Why? Because the olfactory is the oldest, most primitive amongst our senses. Its response to stimuli is instantaneous and potent.
Or take the age-old practice of bathing before meals, never after it. As we grapple with time-management we can’t be bothered with such observances.
Pre-meal bathing ensures crucial hygiene before a meal. But post-meal bathing redirects the blood flow to the skin instead of to the digestive organs, cramping their efficiency and nutrient absorption.
Cross-legged sitting
Groaning but determined foreigners
pay in dollars and pounds to learn to sit cross-legged. But Indian
kids grow up sniffing at this custom.
Sitting cross-legged keeps leg muscles supple and retains the elasticity and strength of tendons at the ankles. Renew your contact with the floor to gauge how stiff you’ve turned.
Flexible legs are important props for back and abdominal muscles. Their limpness result in spinal mis-adventures and bloated waist-lines.

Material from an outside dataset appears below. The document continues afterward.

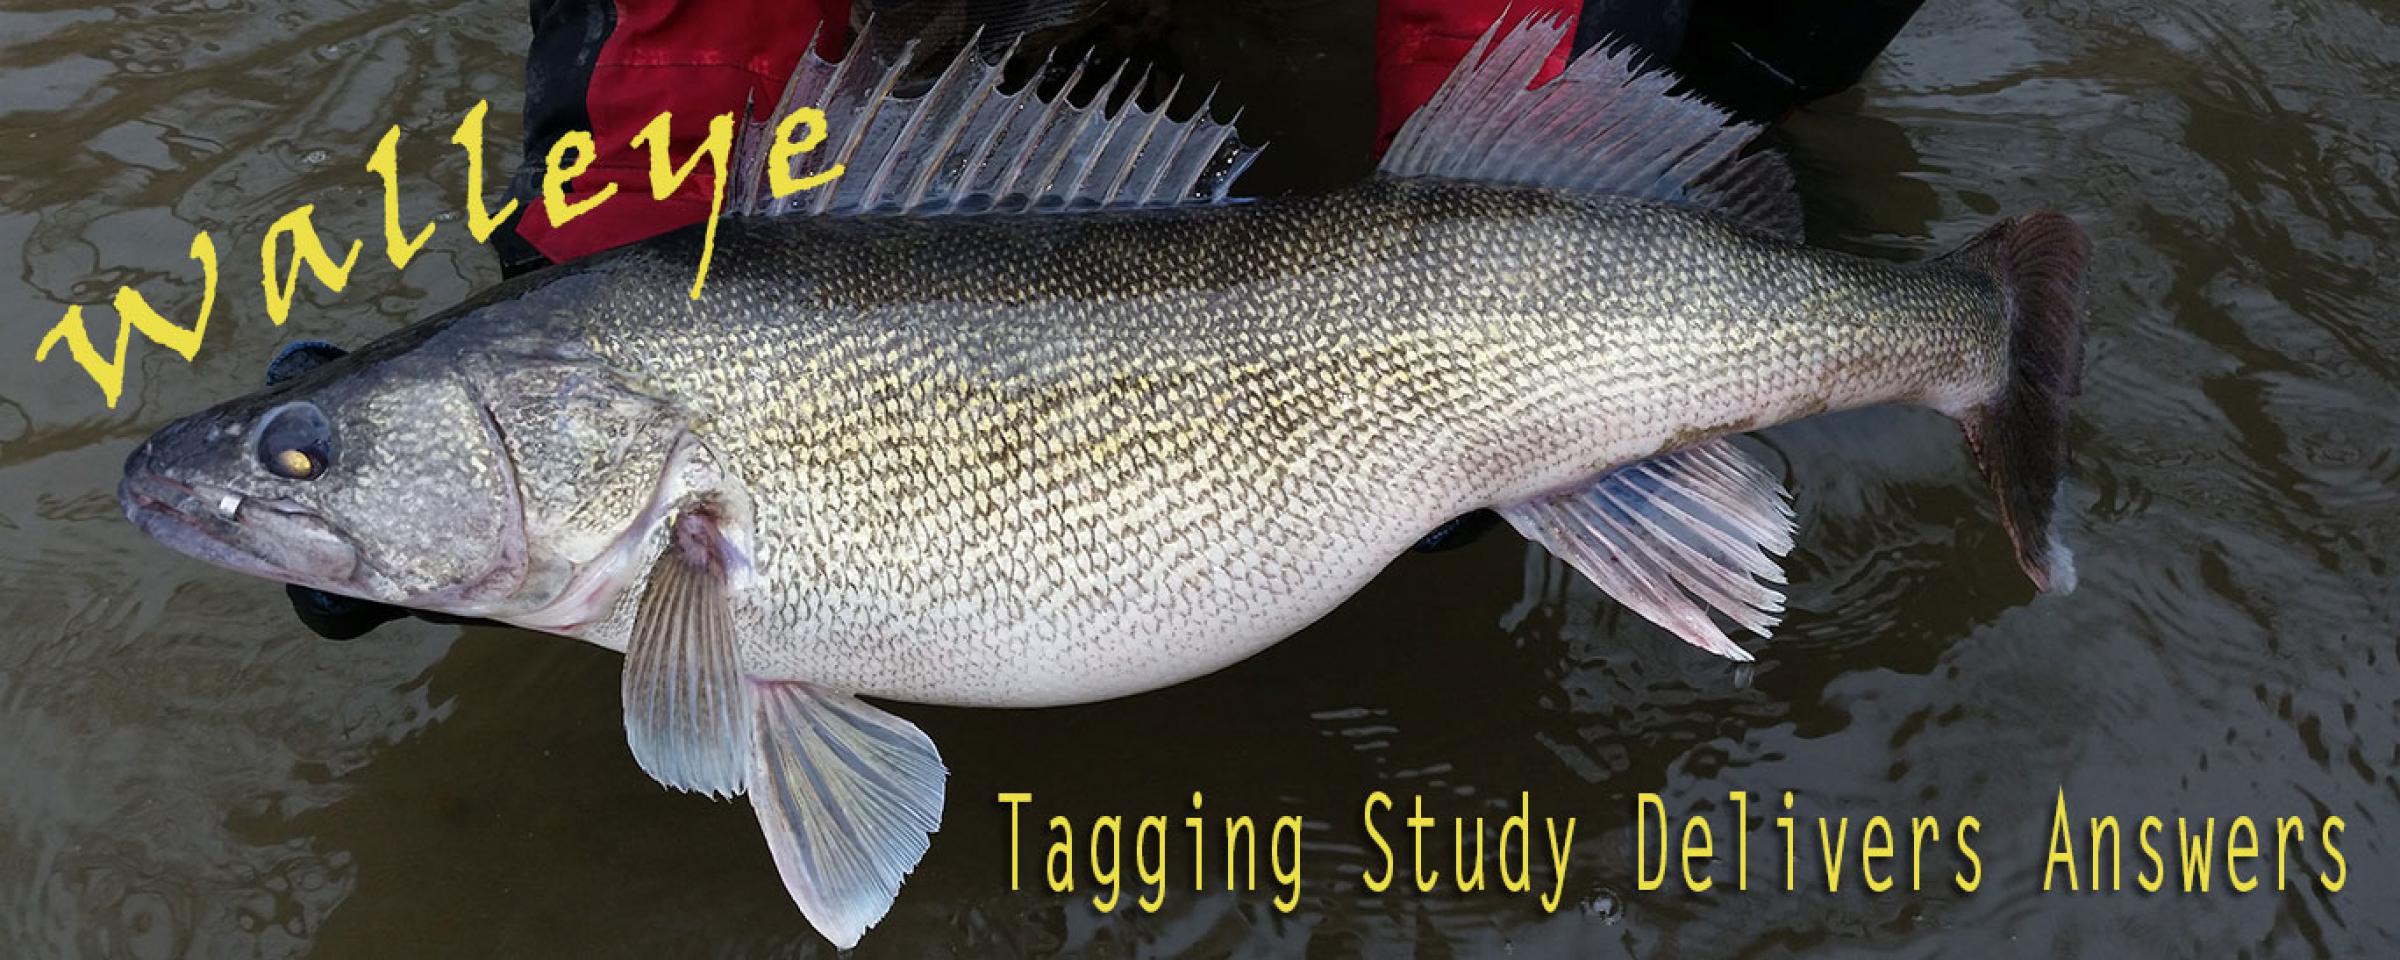 It pays to be aware of walleye migration patterns

Cross-legged sitting blocks gravitational flow of blood towards legs, redirecting this towards digestive organs and higher centres like the brain.
This stokes metabolism and digestion, axing their sensitivity to stress, which nags as flatulence, constipation, irritable bowel syndrome, ulcers. As spine strengthens, posture improves naturally.
Squatting toilets
Researchers assure the old-fashioned
Indian toilets, requiring the full squat, facilitate the best elimination.

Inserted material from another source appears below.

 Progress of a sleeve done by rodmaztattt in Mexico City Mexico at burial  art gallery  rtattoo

This superbly works out to the entire range of muscles, including tiny facial ones. Through right pressure on the intestinal loop, it smoothens excretion.
Having disconnected from this habit, people pay gyms to relearn this squat, toasted as the ‘king of all exercises’. Those who cannot (and most of civilized humanity belong here) should brace themselves for a future ruined by a weak back, hips, legs and ankles.
Meal-time prayers
Nuclear families, TV meals, eating
on the run and official lunches have made this habit, encouraged by all
religions, extinct.
Even sheared of its spiritual overtones,
the very act of looking appreciatively at an attractively arranged platter
triggers the release of digestive juices.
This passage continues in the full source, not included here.